Her bed once belonged to a woman named Mildred, the sister of their neighbor Mrs. Murphy. Mildred actually died
in this bed
. Katie had been completely skeeved out by the prospect of inheriting Mildred's bed, but she'd been sleeping on a futon mattress on the floor, and Mrs. Murphy was offering it to her for free.
What? You gonna turn down a perfectly good free bed?
Katie's mother had said. Katie had wanted to argue that a woman had just died in it, so it wasn't exactly perfectly good, but Katie was broke and in no position to argue. She smudged it with incense every day for weeks and still prays to Mildred each night, thanking her for the comfortable place to sleep, hoping she's happy in heaven and that she won't be visiting for any naps or slumber parties. She's surely rolling over in her grave right now if she can see the naked black Protestant in her bed. Katie kisses Felix and chooses not to tell him about Mildred.

“I feel bad that we skipped class this morning,” says Katie, carting out her guilt.

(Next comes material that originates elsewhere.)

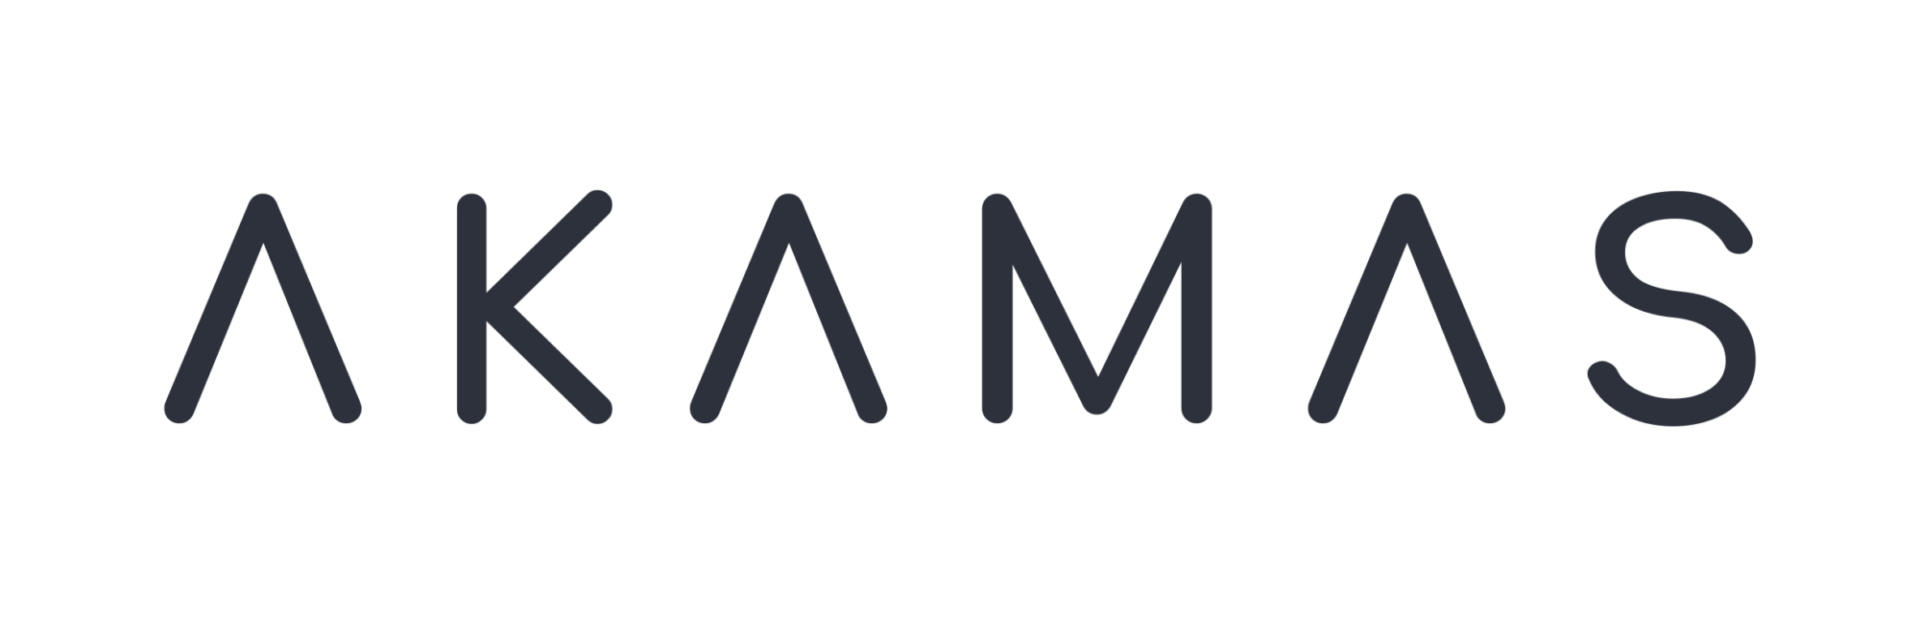 Akamas logo

She learned guilt right along with her manners. Please.
I want something
. Guilt. Thank you.
I have something
. Guilt.
I'm kissing a beautiful naked man in Mildred's bed while my oblivious parents watch TV two floors below me
. Guilt. The ability to attach guilt firmly by the hand to any positive emotion is a skill cultivated by the Irish, a fine art admired even more than Meghan's pirouettes. Katie's been fully awake for about five minutes, and guilt is already sitting wide-eyed at the table, grinning with that shiny crown on its head.

“We had some spiritually enlightening exercise last night,” Felix says, smiling, flashing the dimple in his left cheek that she's crazy for, hinting at another go.

“I'm starving. You hungry?” she asks.

“Ravenous.”

“You want breakfast or lunch?”

“Either. Whatever you've got.”

Oh. She was thinking of getting out of her apartment, maybe going to Sorelle's. Last night in the safety of the late, dark hour and with a few martinis at the helm of her normally tightly navigated ship, the possibility of bumping into her parents seemed like a faraway continent. But now it's well into the next day, and her mom could easily pop by to say hello or to have a cup of tea or simply to remind her that it's Sunday and supper is at four o'clock, as it always is. Her dad could be out on the front stoop, walking Yaz. Shit.